Intuitivement facile à observer et interactive, la carte Adonis colore les zones à faibles niveaux de pesticides en vert foncé, évoluant progressivement vers le rouge pour ceux qui les utilisent de manière inconsidérée.
L’indice communal de fréquence des traitements phytosanitaires (IFT) est une estimation du niveau d’utilisation des pesticides pour chaque commune française à partir de l’assolement (rotation des cultures) de la commune, du type de pratique (conventionnelle ou biologique) et des IFT régionaux de référence issus de données statistiques ou locales. La carte est issue de plusieurs données croisées en France métropolitaine, Solagro précise que pour les départements d’outre-mer, le travail de ses ingénieurs a permis d’intégrer les données des différents territoires.
En France métropolitaine, le Nord, le Sud-Ouest et le Sud-Est sont les plus densément exposés aux traitements phytosanitaires, contrairement au massif central, à la Bretagne et à l’Est de la France.
En outre-mer, la culture de la canne à sucre à La Réunion et en Guadeloupe fait l’objet d’un traitement herbicide important, représentant à lui seul 53 % de l’ensemble des traitements pesticides : « L’usage des herbicides est particulièrement important sur une grande partie des zones côtières de La Réunion. Les molécules utilisées pour le désherbage et leurs métabolites contaminent l’environnement (eau) et les autorisations d’utilisation sont progressivement retirées (comme le S-métolachlore dont l’utilisation est interdite depuis avril 2024).» Le secteur de la canne à sucre, déjà fortement subventionné, doit également « poursuivre la mise en œuvre de pratiques alternatives au désherbage chimique » pour réduire la pression globale des pesticides.
A Mayotte, sous la verdure, le Diméthoate
Mais on pense bien sûr au chlordécone en vigueur depuis 20 ans pour protéger les bananeraies de Martinique et de Guadeloupe du charançon du bananier, de 1972 à 1993 aux Antilles. « Durant ces vingt années d’utilisation, cet insecticide a provoqué une pollution des sols, des eaux douces et du milieu marin. » Les agriculteurs ont eux-mêmes été exposés à ces pratiques, avec des problèmes de santé inhérents. Depuis, le Plan Banane Durable a permis de développer des traitements. « Ces améliorations sont visibles en Guadeloupe avec une baisse de plus de 50% de l’IFT depuis 2012 (de 6,74 à 3,2), contrairement à la Martinique où l’IFT total pour la banane est resté élevé, autour de 7,3 en moyenne depuis 2012. Ce qui explique la forte coloration. des cartes des deux départements. « Malgré des progrès notables depuis le début des années 2000, la banane reste l’une des cultures les plus transformées dans les départements et régions d’outre-mer, avec seulement 4 % des bananeraies bio en France en 2022. »

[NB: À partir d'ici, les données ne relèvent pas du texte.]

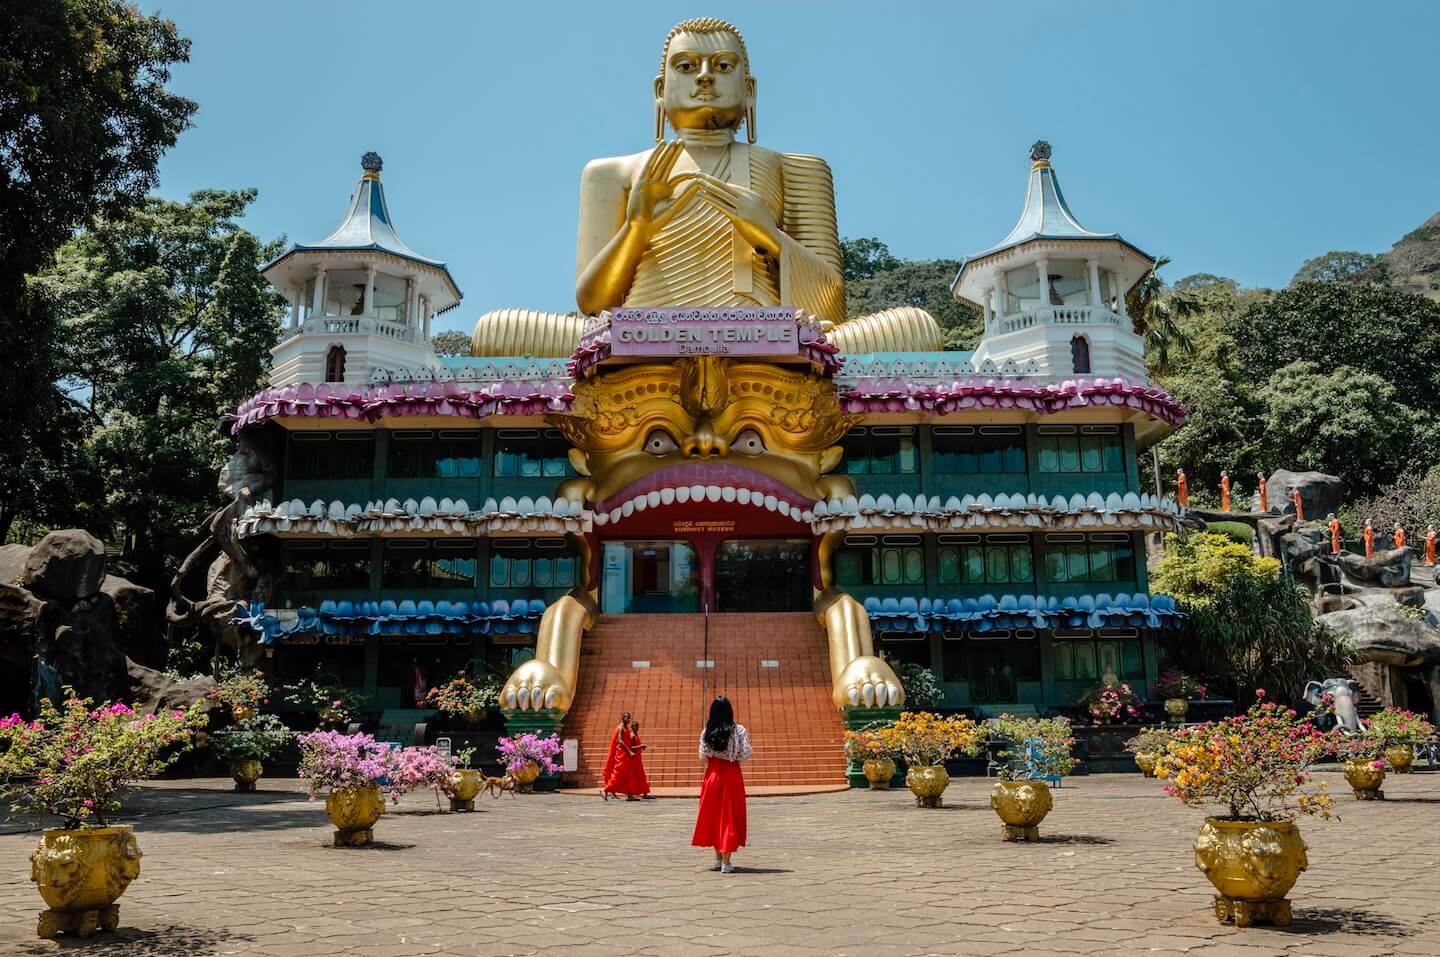 Stella weraning red dress standing in from of Golden Buddha temple

Ce n’est guère le cas à Mayotte où l’on constate que « les systèmes agricoles agroforestiers et vivriers dominants de Mayotte et de Guyane permettre à ces deux départements d’enregistrer une réduction de l’usage des pesticides. »
Dans notre département, l’utilisation de pesticides comme le Diméthoate, notamment dans l’agriculture informelle, incite la Direction de l’Alimentation à procéder à des contrôles réguliers avec des saisies de marchandises, notamment des tomates dont les doses dépassent les doses légales. Ce fut encore le cas en juin dernier, lorsque le traitement au Diméthoate, un insecticide interdit depuis février 2016 par la Commission européenne, a été augmenté, suite à la décision de l’Agence nationale de sécurité alimentaire, environnement et travail (Anses) jugeant cette molécule comme « présentant des propriétés inacceptables ». risques pour les animaux et les humains », a noté la DAAF. Mais les zones touchées n’ont aucune comparaison avec les cultures de bananes et de canne à sucre des autres départements d’outre-mer.
Toujours à Mayotte, les agriculteurs ont été accompagnés par le plan Ecophyto, devenu aujourd’hui la « Stratégie Ecophyto 2030 ». Il se décline en cinq axes : Accélérer la recherche d’alternatives pour préparer la réduction du nombre de substances actives autorisées ; accélérer le déploiement de solutions agroécologiques sur toutes les exploitations agricoles ; mieux comprendre et réduire les risques pour la santé et l’environnement liés à l’utilisation de produits phytopharmaceutiques ; recherche, innovation et formation ; et Territorialisation, gouvernance et évaluation.
En mesurant l’empreinte des pesticides, ces cartes et outils permettent la mise en œuvre de politiques de réduction efficaces, pour favoriser la transition agricole vers des modes de culture plus durables.